Are @ayzhao 's and @efriedma 's comments addressed?

sushgokh added a comment.EditedMay 23 2023, 10:07 PM

@ayzhao issue addressed.
@efriedma's issue needs to addressed separately in other pass(if need be) but I don't think this issue will result in performance regression.

nickdesaulniers accepted this revision.May 24 2023, 11:37 AM
This revision is now accepted and ready to land.May 24 2023, 11:37 AM
nickdesaulniers requested changes to this revision.May 24 2023, 11:38 AM
nickdesaulniers added inline comments.
llvm/test/CodeGen/AArch64/dont-shrink-wrap-stack-mayloadorstore.s
1 ↗(On Diff #522416)

There's a presubmit failure that this newly added test is missing a RUN line.

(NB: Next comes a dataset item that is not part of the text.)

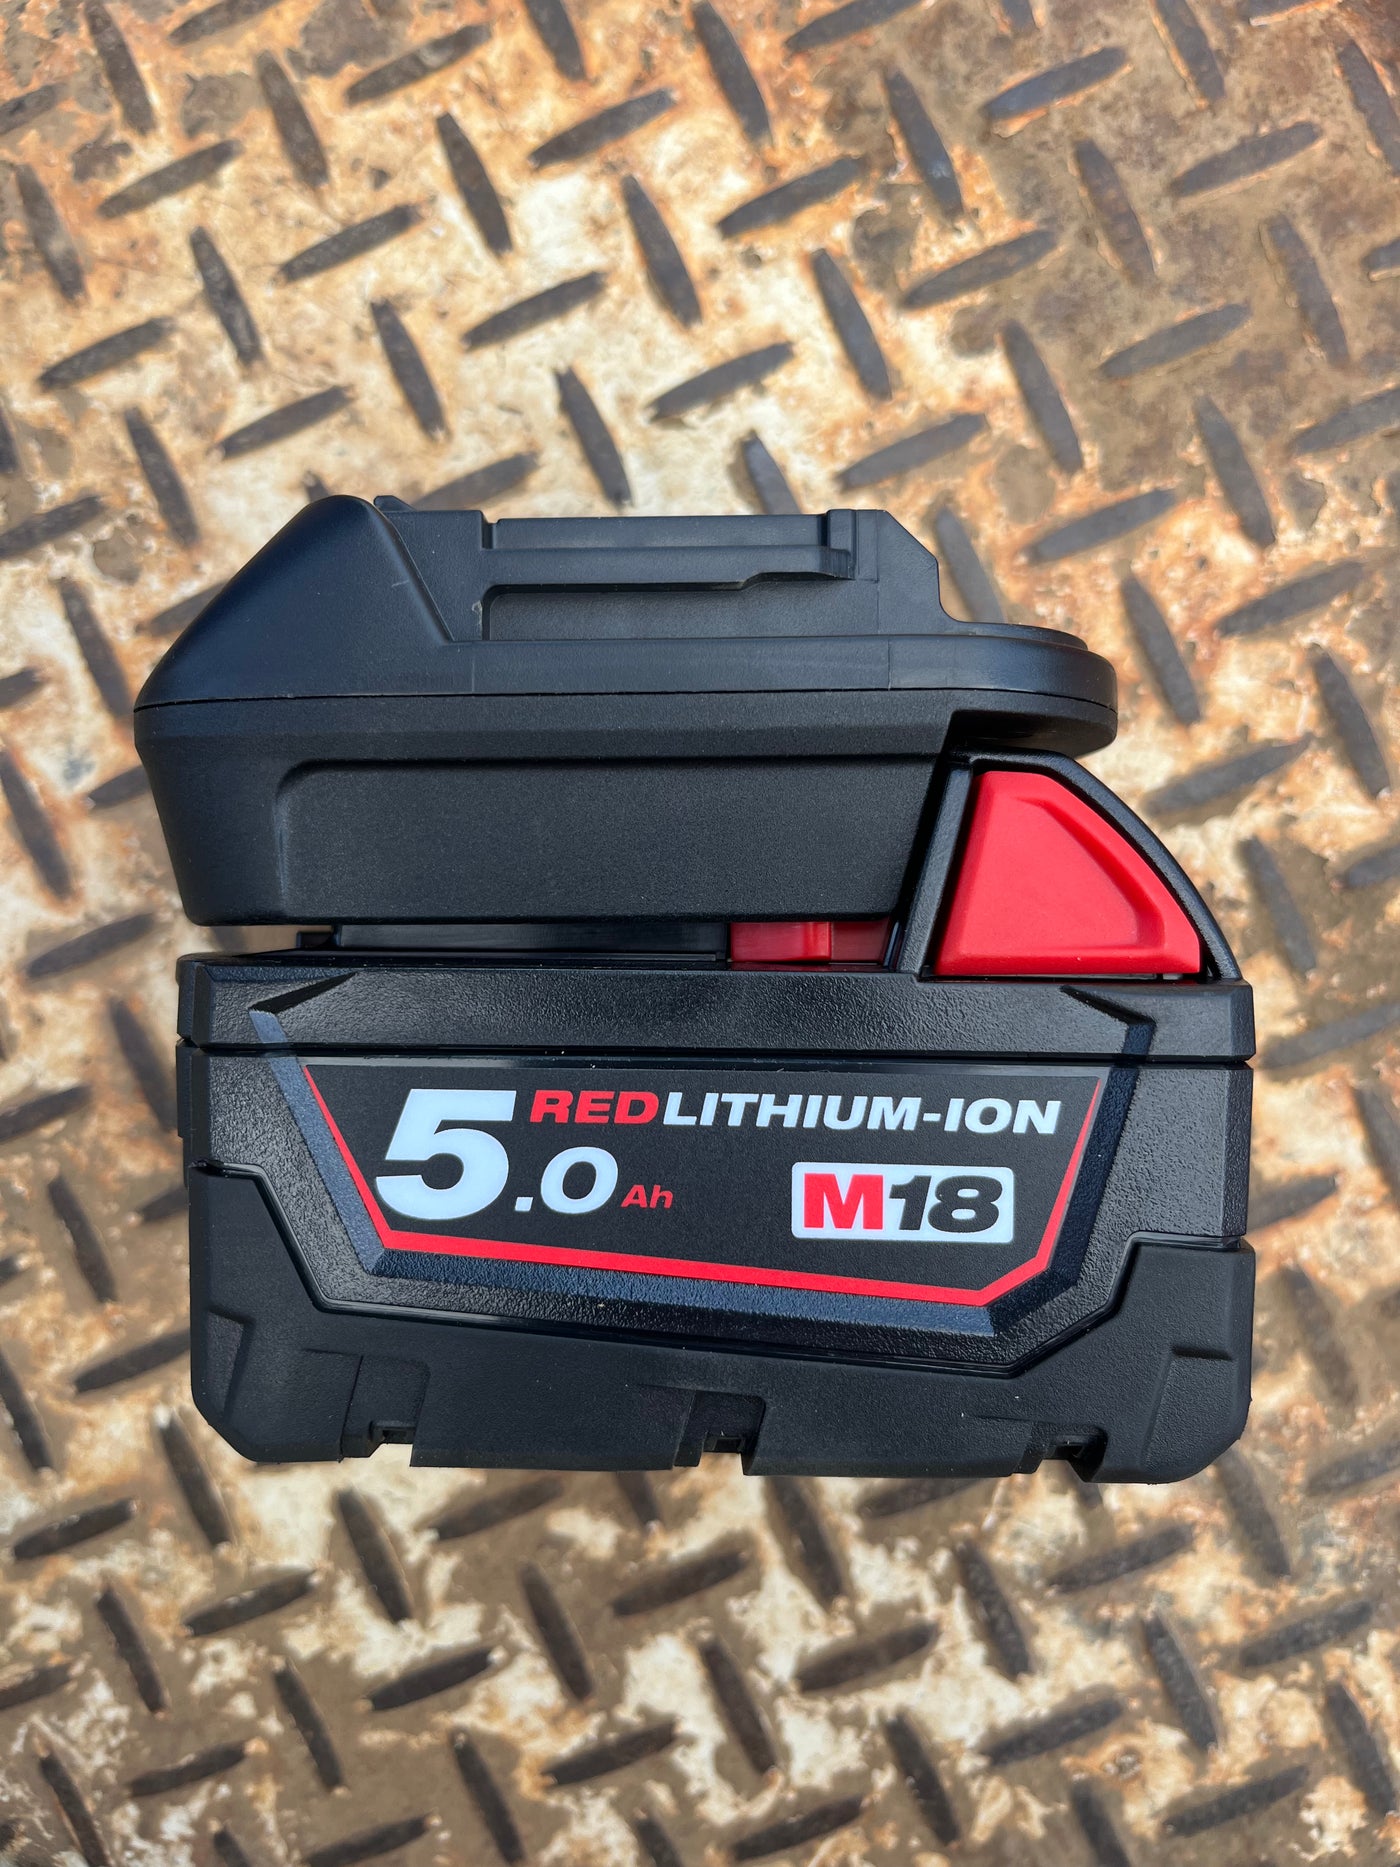 DM18M Battery Converter Adapter: Engineered for Makita tools, it transforms Milwaukee M18 18V to Makita 18V BL1830 BL1850 Batteries, while also accommodating Dewalt 20V Battery compatibility

This revision now requires changes to proceed.May 24 2023, 11:38 AM
This revision was not accepted when it landed; it landed in state Needs Revision.May 25 2023, 1:27 AM
This revision was landed with ongoing or failed builds.
This revision was automatically updated to reflect the committed changes.
sushgokh marked an inline comment as done.EditedMay 25 2023, 1:30 AM

I submitted the patch without checking that the patch needs revision. I got confused by back to back accept followed by revision request. Apology.

But I have removed the file accidently added

llvm/test/CodeGen/AArch64/dont-shrink-wrap-stack-mayloadorstore.s
1 ↗(On Diff #522416)

I had added that by mistake(git add -A). Apologies.